Several hours of searching and trying my own methods led to nothing, and porting implementations from other languages has simply confused me to a point where my brain is sluggish.
The grid consists of flat topped regular hexagons like in this diagram:
Essentially, given a point and the variables specified in this image as the sizing for every hexagon in the grid (R, W, S, H):
I need to be able to determine whether a point is inside a hexagon given.
An example function call would be pointInHexagon(hexX, hexY, R, W, S, H, pointX, pointY) where hexX and hexY are the coordinates for the top left corner of the bounding box of a hexagonal tile (like the top left corner in the image above).

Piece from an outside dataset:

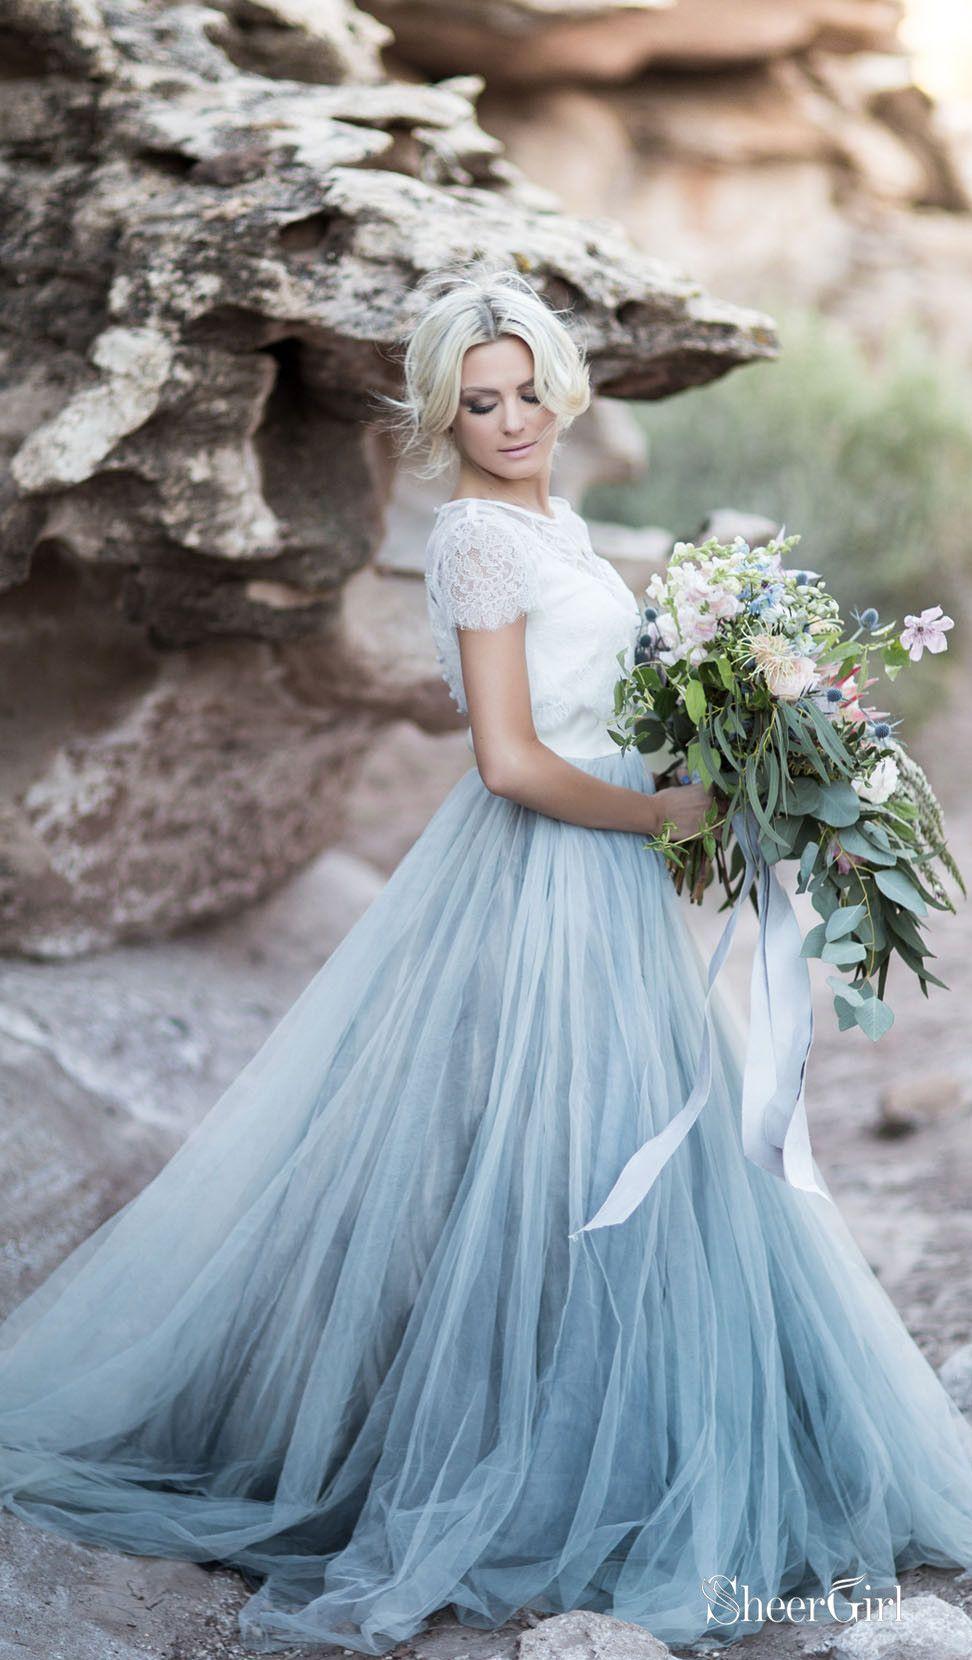 Tropical wedding Alternative wedding Romantic wedding long skirt Beach wedding skirt Dusty blue wedding skirt Bohemian wedding

Is there anyone who has any idea how to do this? Speed isn't much of a concern for the moment.
Simple & fast diagonal rectangle slice.
Looking at the other answers I see that they have all a little over complicated the problem. The following is an order of magnitude quicker than the accepted answer and does not require any complicated data structures, iterators, or generate dead memory and unneeded GC hits. It returns the hex cell row and column for any related set of R, H, S or W. The example uses R = 50.
Part of the problem is finding which side of a rectangle a point is if the rectangle is split diagonally. This is a very simple calculation and is done by normalising the position of the point to test.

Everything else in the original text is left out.